Electrochemically enhanced wetting of 3YSZ and Mn1.5Co1.5O4 by Ag−CuO and their application in flash joining

Ag−CuO is a widely used air braze sealant for joining ceramic electrolytes and stainless-steel interconnects in solid oxide fuel cells (SOFCs). Balancing the amount of CuO in a braze is challenging because it enhances wettability and also aggravates steel surface degradation. Manganese cobaltite spinel (MCO) is widely used as a protective coating for SOFC steel interconnects. Therefore, we herein propose a strategy for enhancing the wetting of an Ag−CuO alloy with a low concentration of CuO (4 mol%) on 3 mol% yttria-stabilized zirconia (3YSZ) and MCO by applying a direct current to the 3YSZ/Ag−CuO/MCO system.
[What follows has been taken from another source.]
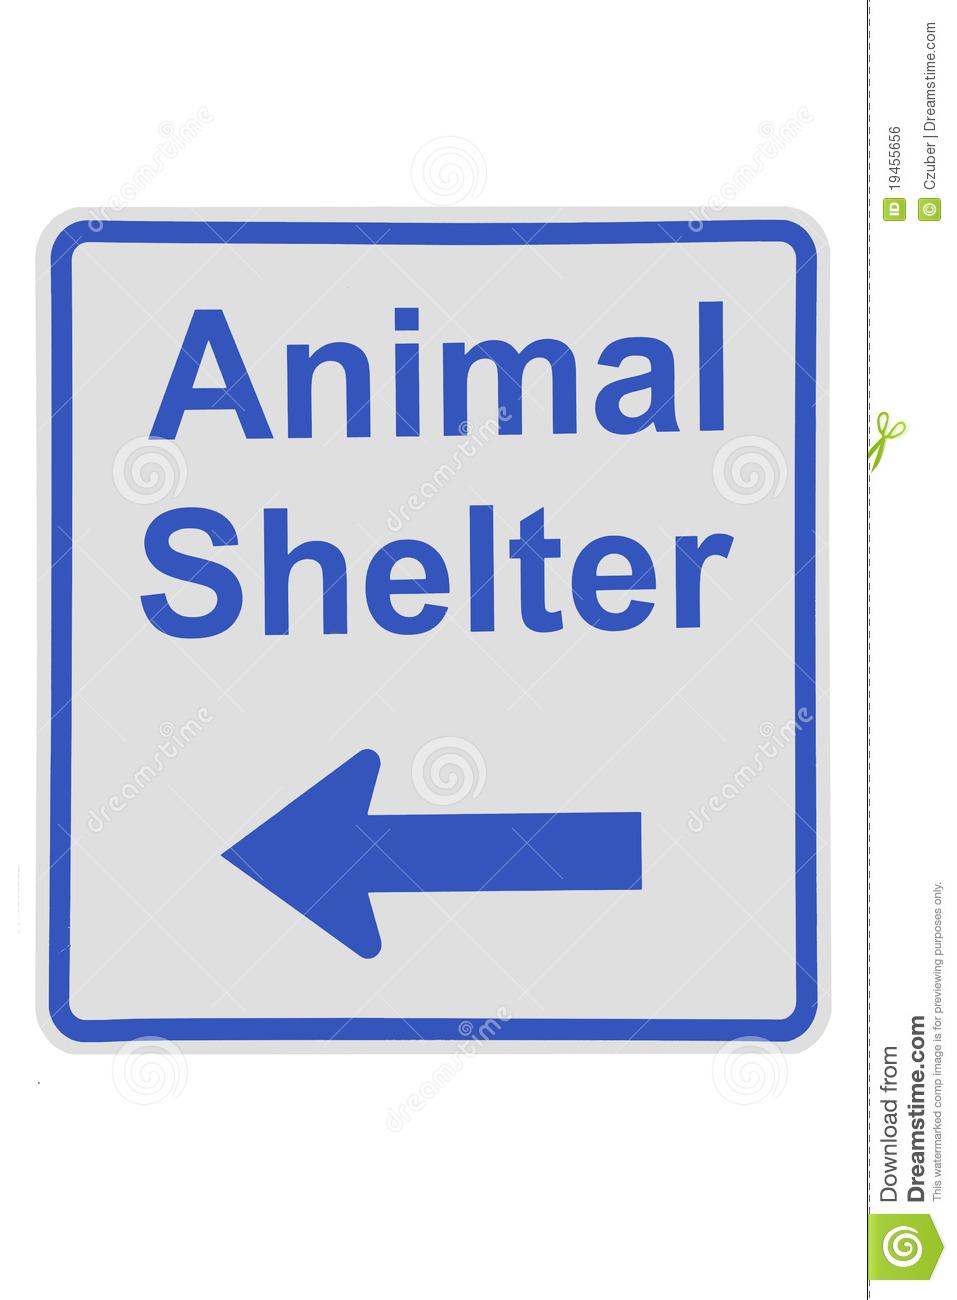 Animal Shelter Sign Royalty Free Stock Image Image 19455656
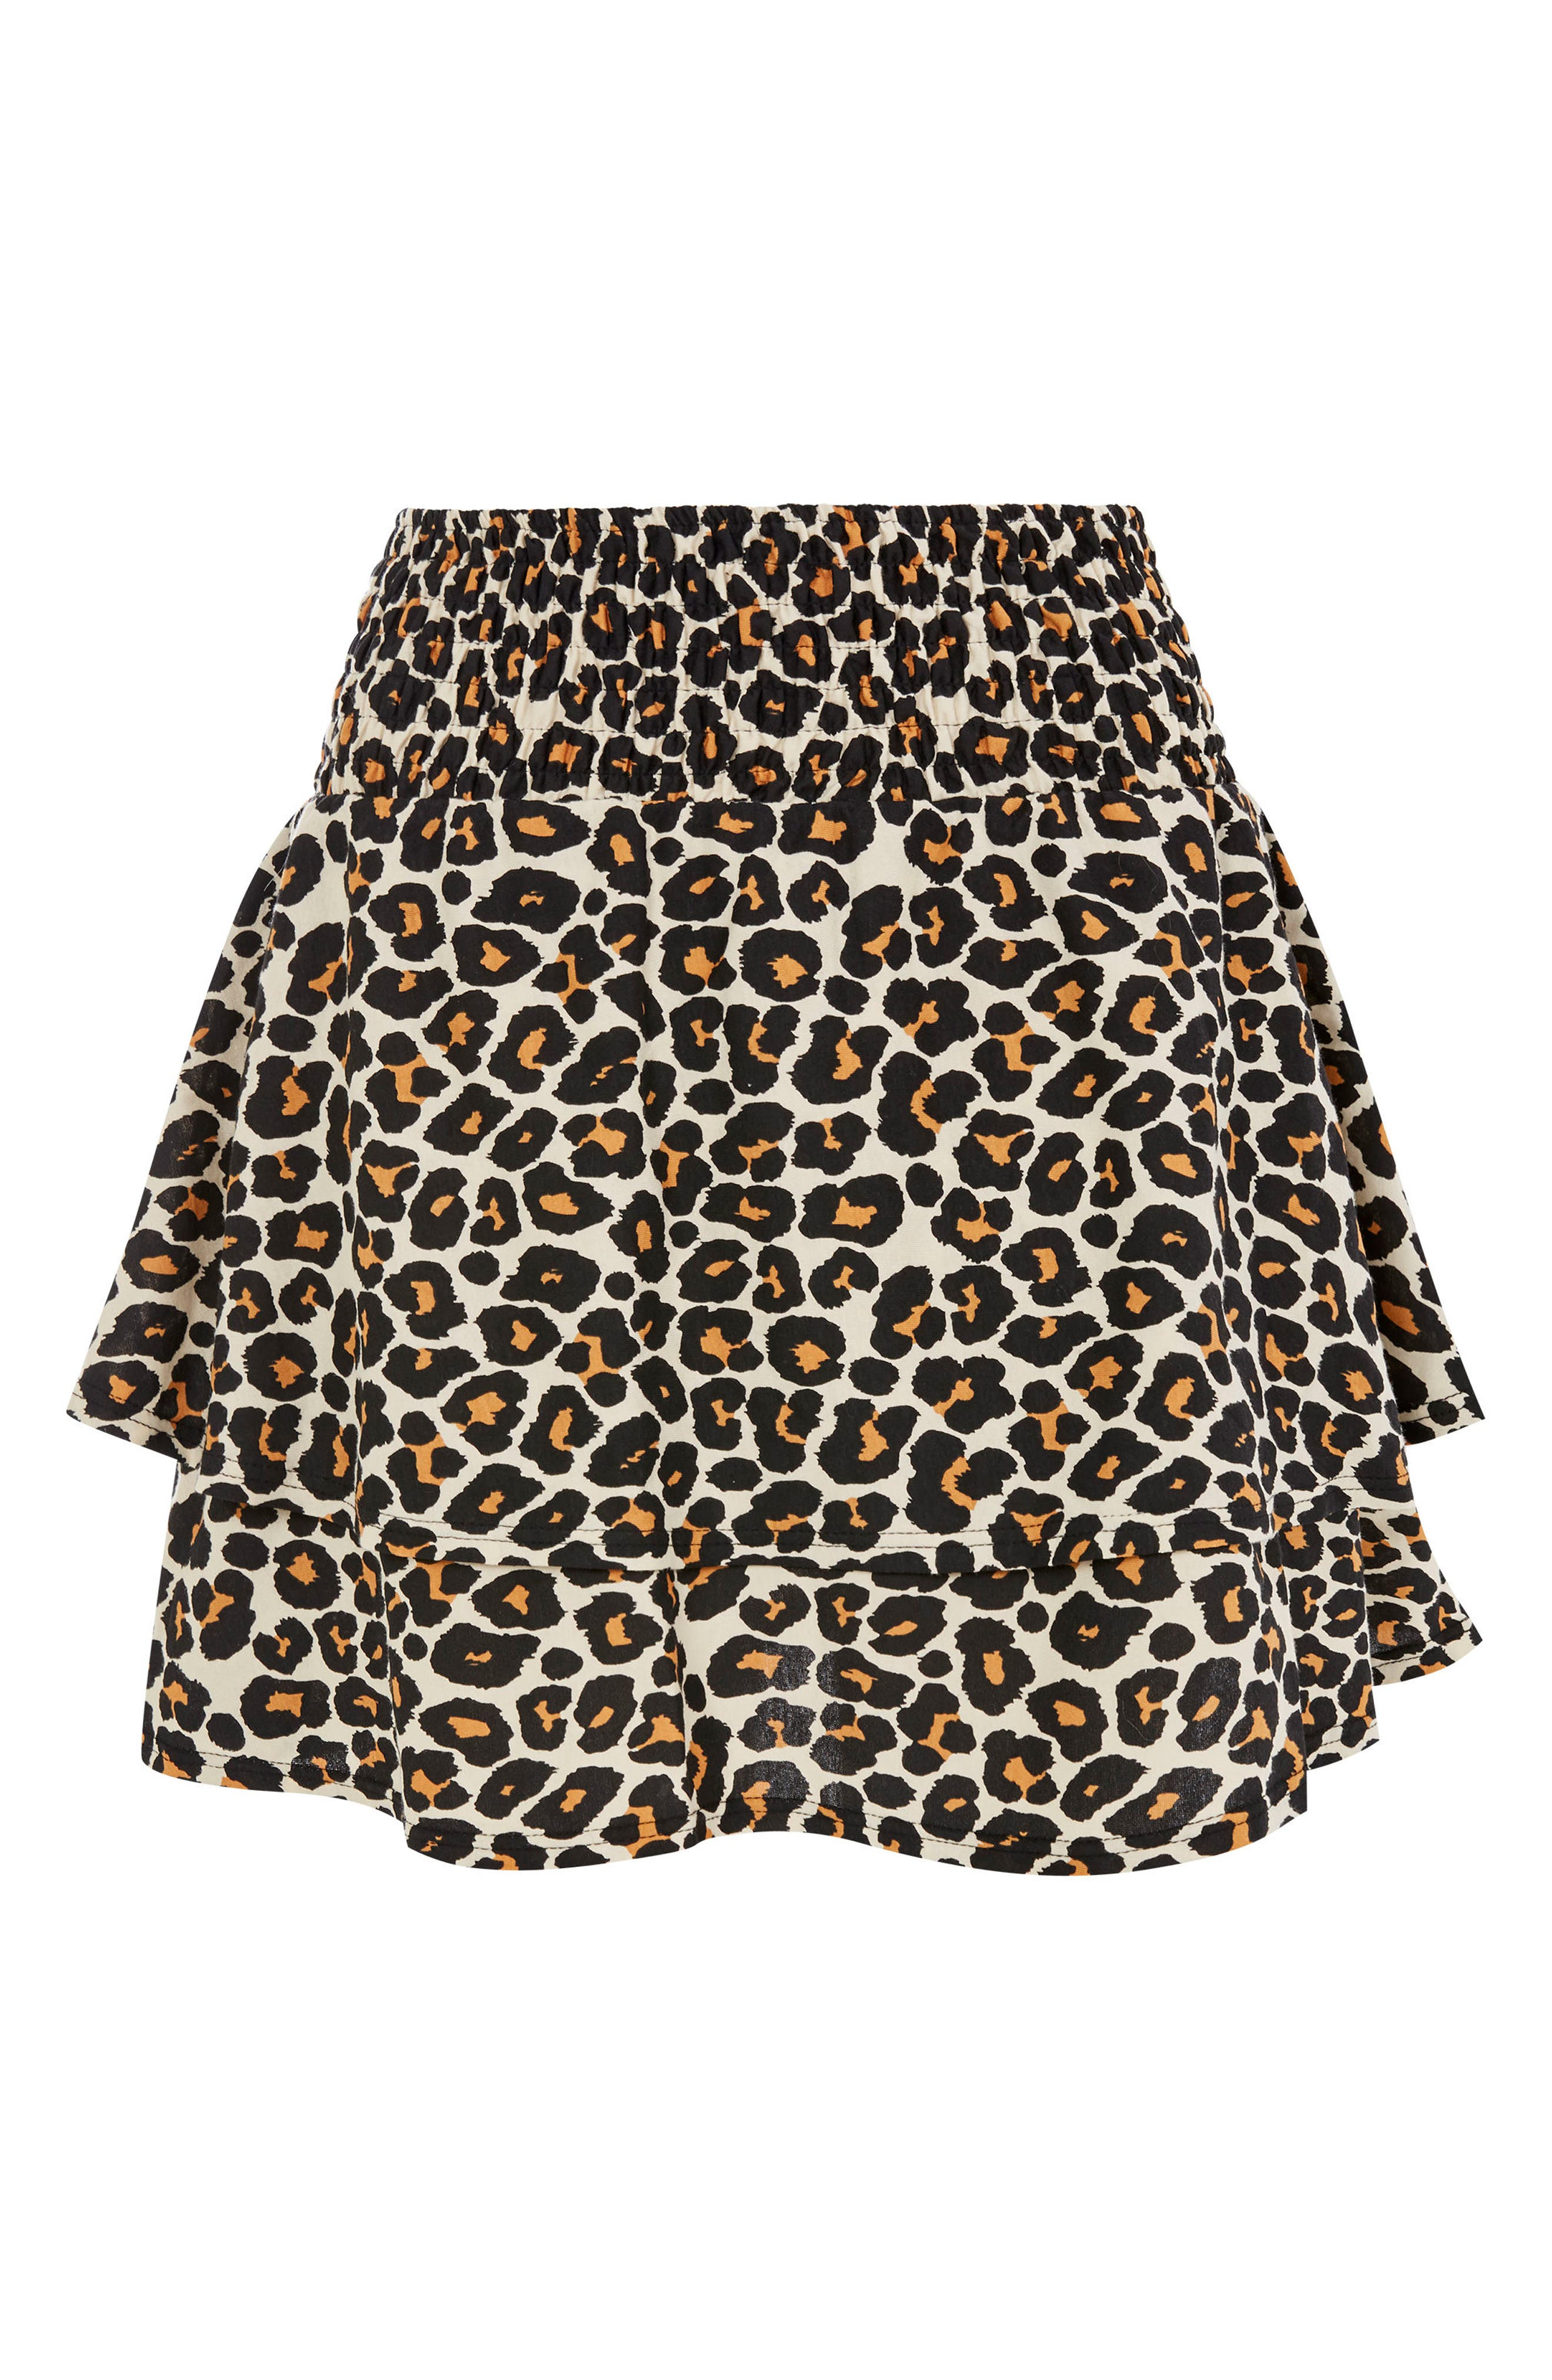 Tiered Leopard Skirt,                             Alternate thumbnail 3, color,                             Leopard

It was discovered that the wetting of 3YSZ improved regardless of the current polarity; however, the wetting of MCO was selectively improved by the current flowing from MCO to 3YSZ. The underlying mechanisms are discussed based on the current-induced interfacial electrochemical reactions and dissolution. Furthermore, the flash joining of 3YSZ to MCO-coated Crofer22APU was achieved, and an optimized shear strength of 62 ± 11 MPa was obtained. A correlation between the interfacial microstructure, mechanical properties, current polarity and current intensity was also established.